Area of Work: Health
Paragraph Number: 89
Session: 8 (2009)
Full Text:

The Permanent Forum recognizes the cultural significance and medical importance of the coca leaf in the Andean and other indigenous regions of South America. It also notes that coca leaf chewing is specifically banned by the United Nations Single Convention on Narcotic Drugs (1961).

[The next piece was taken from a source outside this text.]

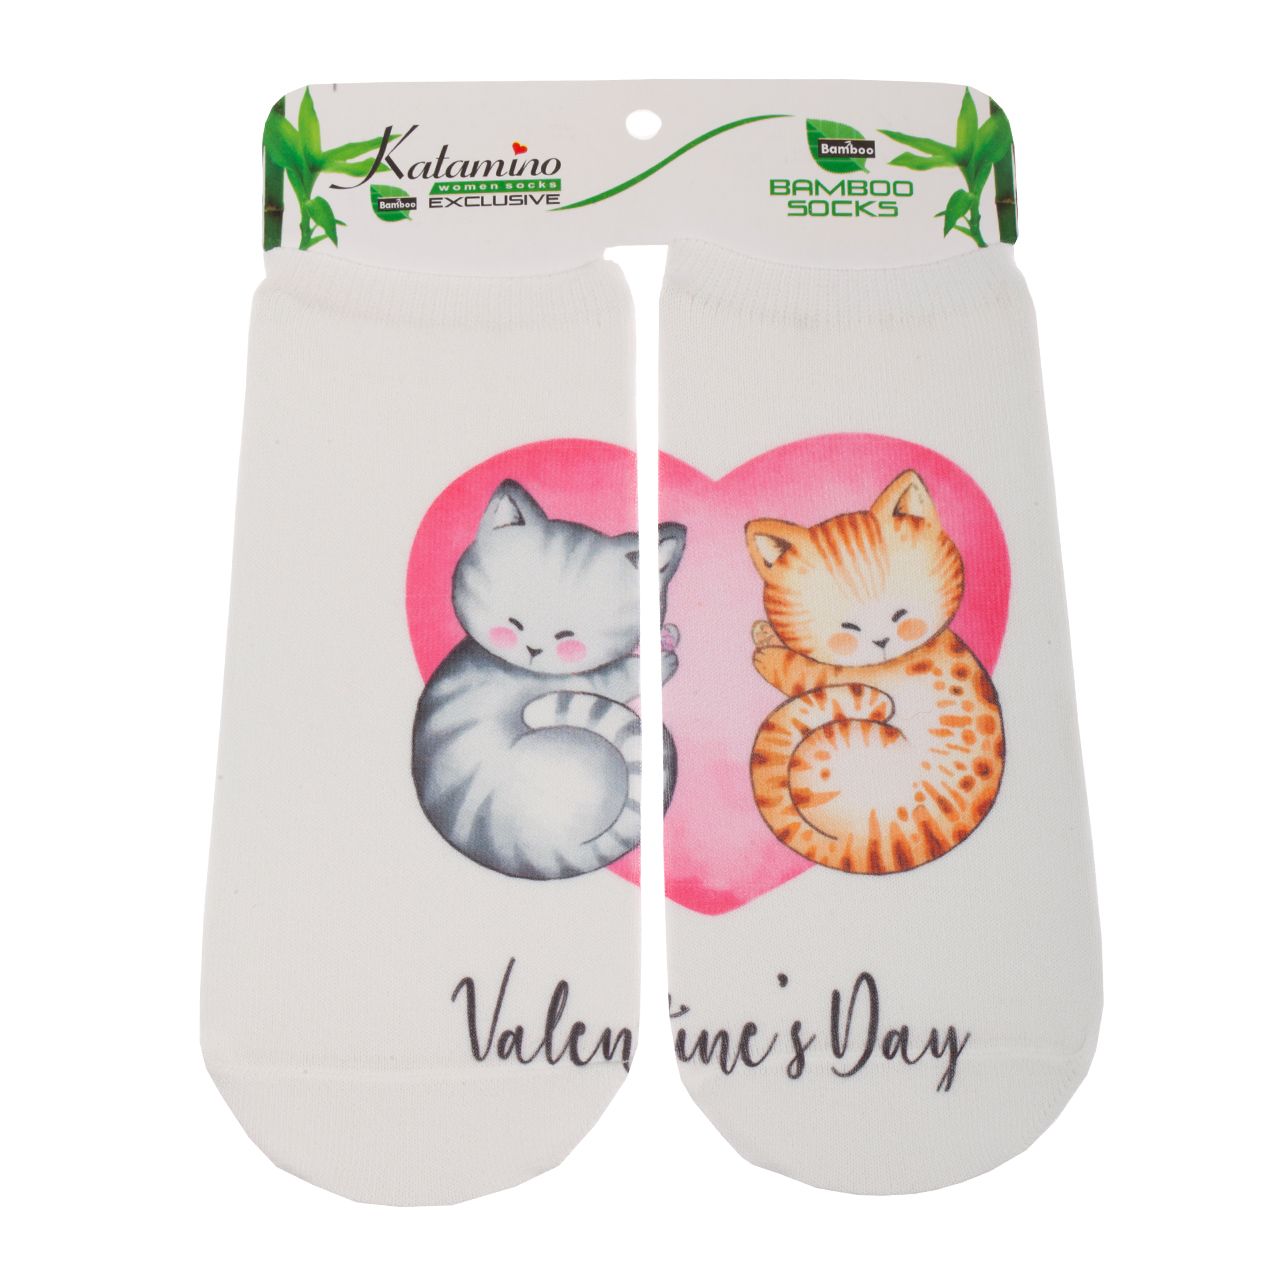 جوراب دخترانه کاتامینو طرح گربه های خوابالو  -  - 2
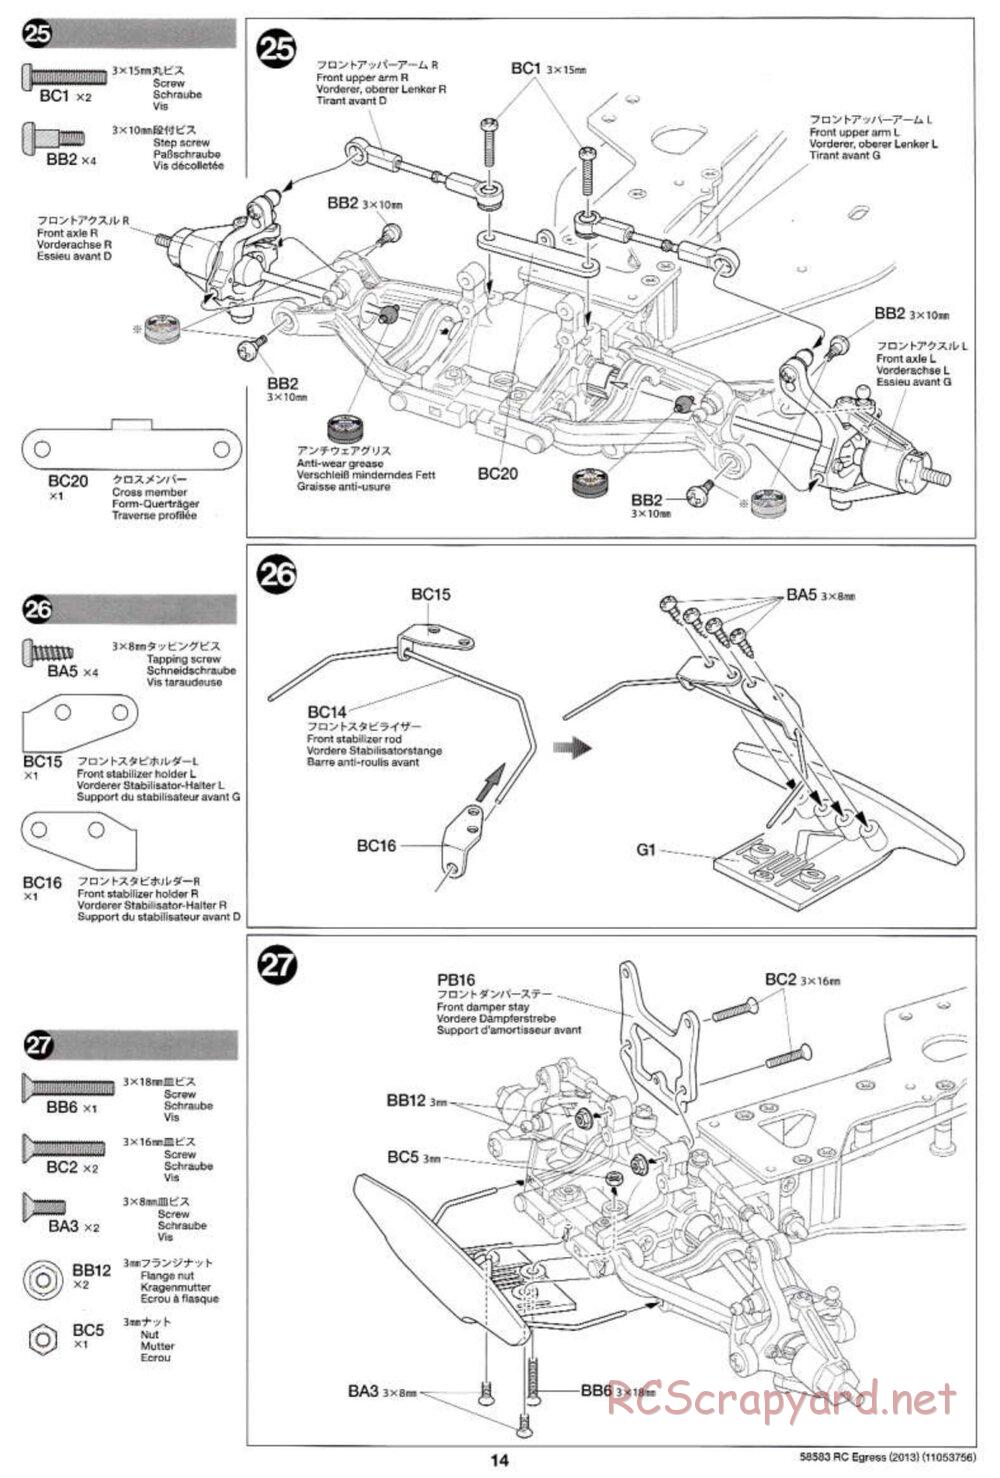 Tamiya - Egress 2013 - AV Chassis - Manual - Page 14

The Permanent Forum recommends that those portions of the Convention regarding coca leaf chewing that are inconsistent with the rights of indigenous peoples to maintain their traditional health and cultural practices, as recognized in articles 11, 24 and 31 of the Declaration, be amended and/or repealed.

Area of Work: Health
Paragraph Number: 80
Session: 9 (2010)
Full Text:

The Permanent Forum recommends that the Government of Paraguay should make resolute progress towards the development of a land registry that will facilitate land titling, and thus the recovery of land by indigenous communities and the territorial reconstitution of their respective peoples.

Area of Work: Human rights
Paragraph Number: 89
Session: 2 (2003)
Full Text:

The Forum welcomes and supports the decision of the Commission on Human Rights as contained in paragraph 11 of its resolution 2003/56 of 24 April 2003 to hold a seminar on the administration of justice.